The **TaskBuilder** delegates class instantiation to the `instantiate_class` function, which dynamically imports a module and creates an instance of a specified class using the provided parameters.

In [17]:
# %load -r 86-125 discover/flow/base/task.py
def instantiate_class(module: str, class_name: str, params: dict):
    """
    Dynamically imports a module and instantiates a class with the given parameters.

    Parameters
    ----------
    module : str
        The name of the module from which to import the class (e.g., 'mypackage.mymodule').
    class_name : str
        The name of the class to instantiate from the module.
    params : dict
        A dictionary of additional parameters to pass to the class constructor.

    Returns
    -------
    object
        An instance of the specified class with the provided parameters.

    Raises
    ------
    ModuleNotFoundError
        If the specified module cannot be found.
    AttributeError
        If the specified class does not exist in the module.
    TypeError
        If the class constructor does not accept the provided parameters.

    Examples
    --------
    >>> obj = instantiate_class(
    ...     module='mypackage.mymodule',
    ...     class_name='Normalizer',
    ...     params={'param1': value1, 'param2': value2}
    ... )
    """
    module = importlib.import_module(module)
    cls = getattr(module, class_name)
    return cls(**params)

## Stage
Task orchestration occurs in Stage classes, which define a logic unit of work comprised of a series of Task objects. The **Stage** class defines the interface for pipeline Stage subclasses and through its `build` class method, controls the construction and instantiation of Stage objects, leveraging the TaskBuilder to instantiate the Task instances.

In [18]:
# %load -r 19-159 discover/flow/base/stage.py
from __future__ import annotations

from abc import ABC, abstractmethod
from typing import List, Type

from discover.core.flow import PhaseDef, StageDef
from discover.core.namespace import NestedNamespace
from discover.flow.base.task import Task, TaskBuilder


# ------------------------------------------------------------------------------------------------ #
#                                        STAGE                                                     #
# ------------------------------------------------------------------------------------------------ #
class Stage(ABC):
    """Abstract base class for pipeline stages.

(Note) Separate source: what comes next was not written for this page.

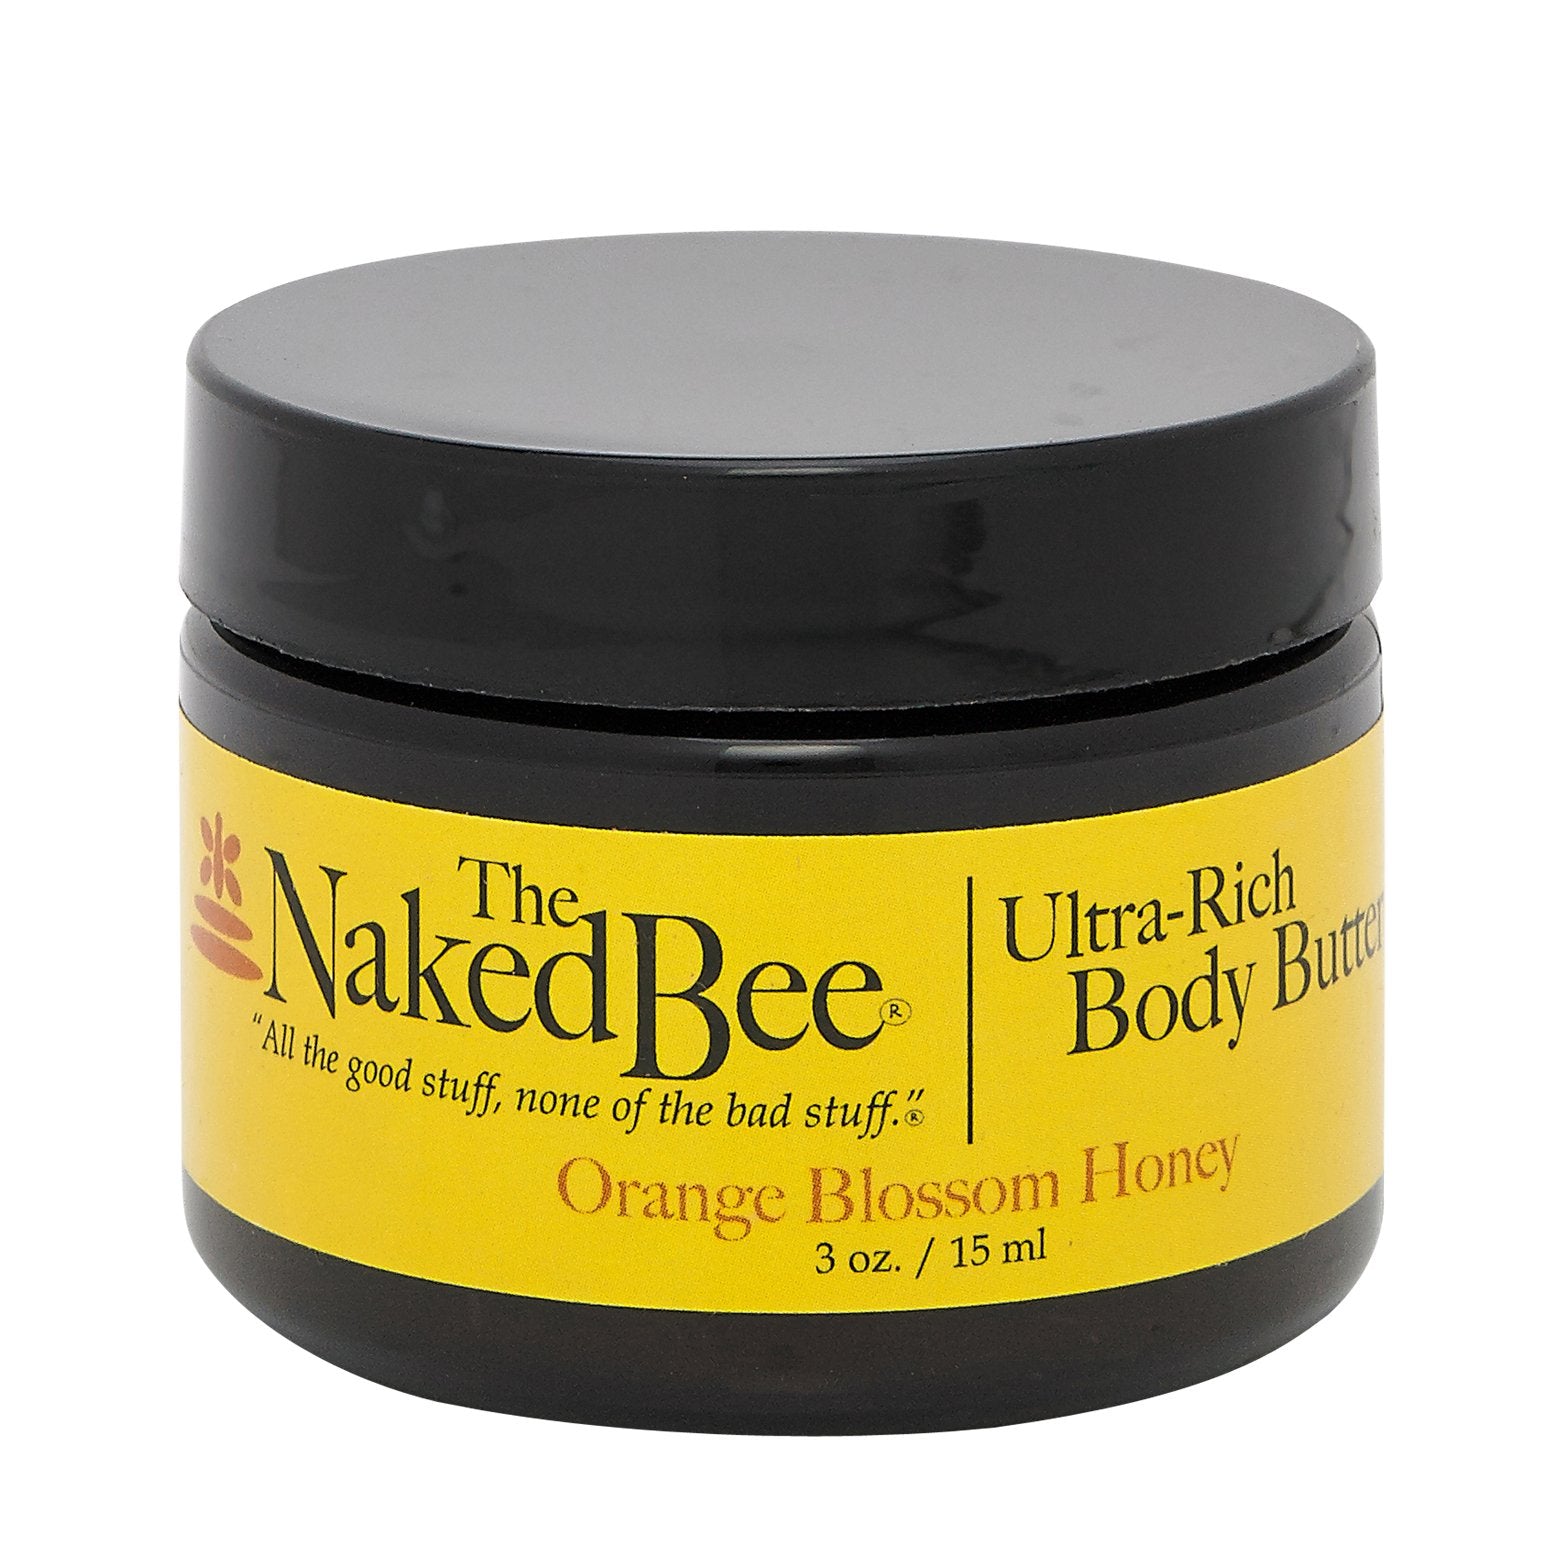 Naked Bee Ultra-Rich Body Butter - Pharm Favorites by Economy Pharmacy
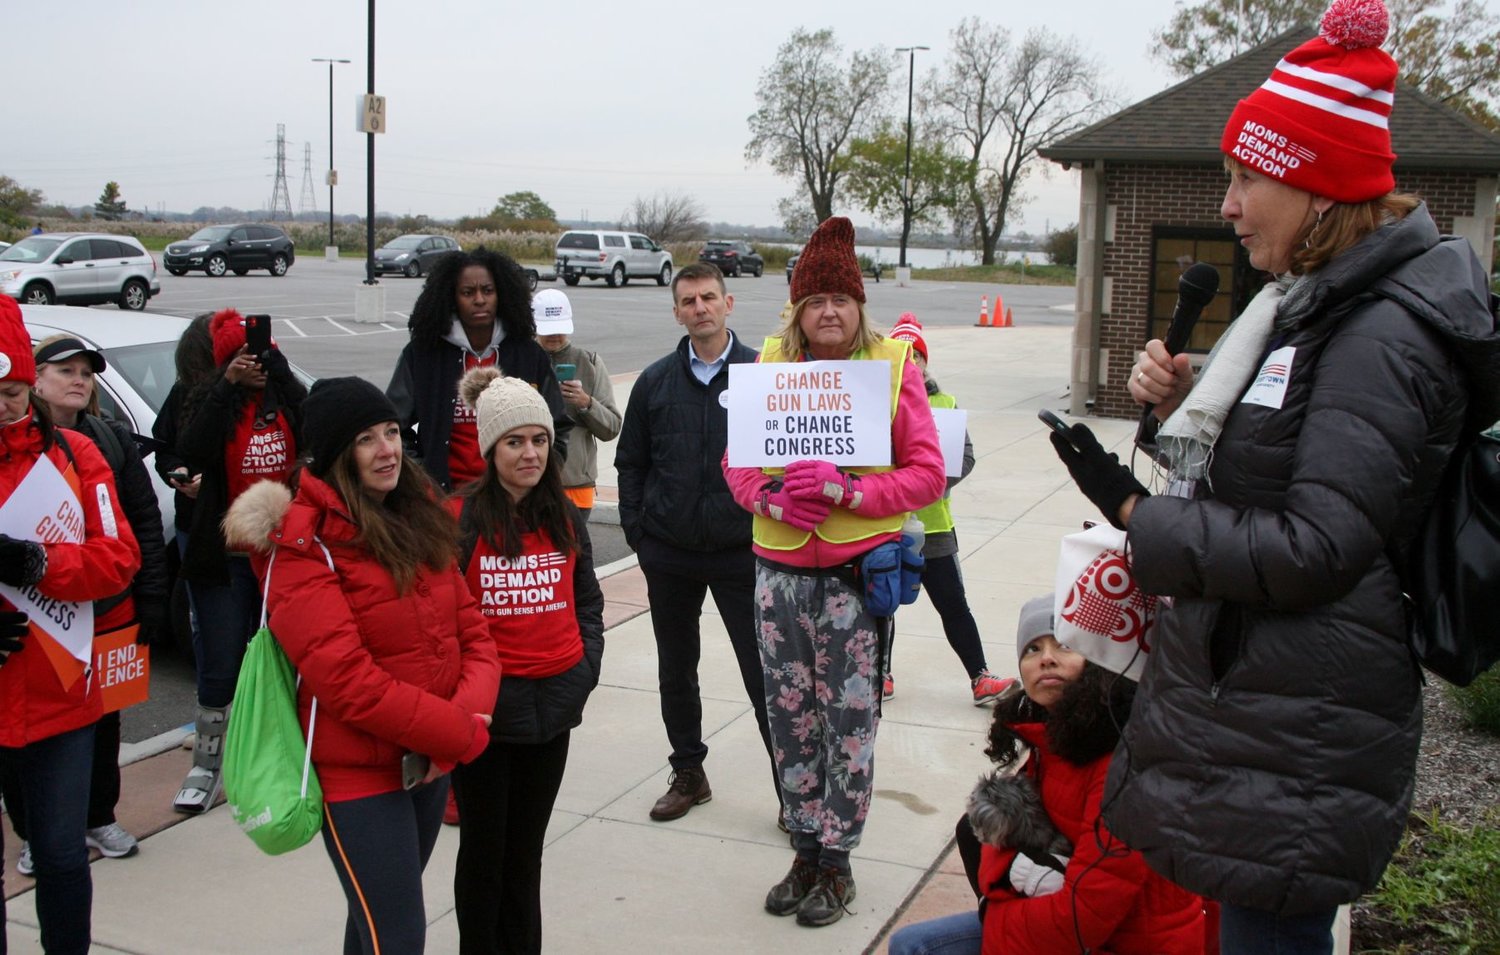 Sue Eleuterio, right, Indiana legislative lead for Moms Demand Action of Northwest Indiana, addresses participants in Saturday’s Moms Demand Action march from Hammond to Chicago to promote gun safety and related legislation.

    This class provides the foundation for creating and executing stages in a data pipeline.
    A stage typically involves loading source data, applying a series of tasks to the data,
    and saving the processed data to a destination. The stage is configurable with source
    and destination settings and a list of tasks to be executed.

    Attributes:
        _source_config (NestedNamespace): Configuration dictionary for the source dataset.
        _destination_config (NestedNamespace): Configuration dictionary for the destination dataset.
        _task_builder (Type[TaskBuilder]): The builder class responsible for constructing tasks.
        _tasks (List[Task]): A list of tasks to be executed in this stage.
        _force (bool): Whether to force execution even if the destination dataset exists.

    Methods:
        phase (PhaseDef): The phase of the pipeline.
        stage (StageDef): The specific stage of the pipeline.
        run() -> str: Executes the pipeline stage.
        build(stage_config: dict, force: bool = False) -> Stage: Creates and returns a new stage instance.
    """

    def __init__(
        self,
        source_config: dict,
        destination_config: dict,
        tasks: List[Task],
        task_builder: Type[TaskBuilder] = TaskBuilder,
        force: bool = False,
    ) -> None:
        """Initializes the Stage pipeline with the provided configuration and tasks.

        Args:
            source_config (dict): Configuration for the source dataset.
            destination_config (dict): Configuration for the destination dataset.
            tasks (List[Task]): List of tasks to be applied in the pipeline stage.
            task_builder (Type[TaskBuilder], optional): The task builder class to use for constructing tasks.
                Defaults to `TaskBuilder`.
            force (bool, optional): Whether to force execution even if the destination dataset exists.
                Defaults to `False`.

        Raises:
            ValueError: If source_config or destination_config are invalid or incomplete.
            RuntimeError: For other initialization errors.
        """
        try:
            self._source_config = NestedNamespace(source_config)
            self._destination_config = NestedNamespace(destination_config)
            self._task_builder = task_builder
            self._tasks = tasks
            self._force = force
        except KeyError as e:
            raise ValueError(f"Missing required configuration key: {str(e)}") from e
        except Exception as e:
            raise RuntimeError(
                f"Failed to initialize the Stage with the provided configuration: {str(e)}"
            ) from e

    @property
    @abstractmethod
    def phase(self) -> PhaseDef:
        """Returns the phase of the pipeline.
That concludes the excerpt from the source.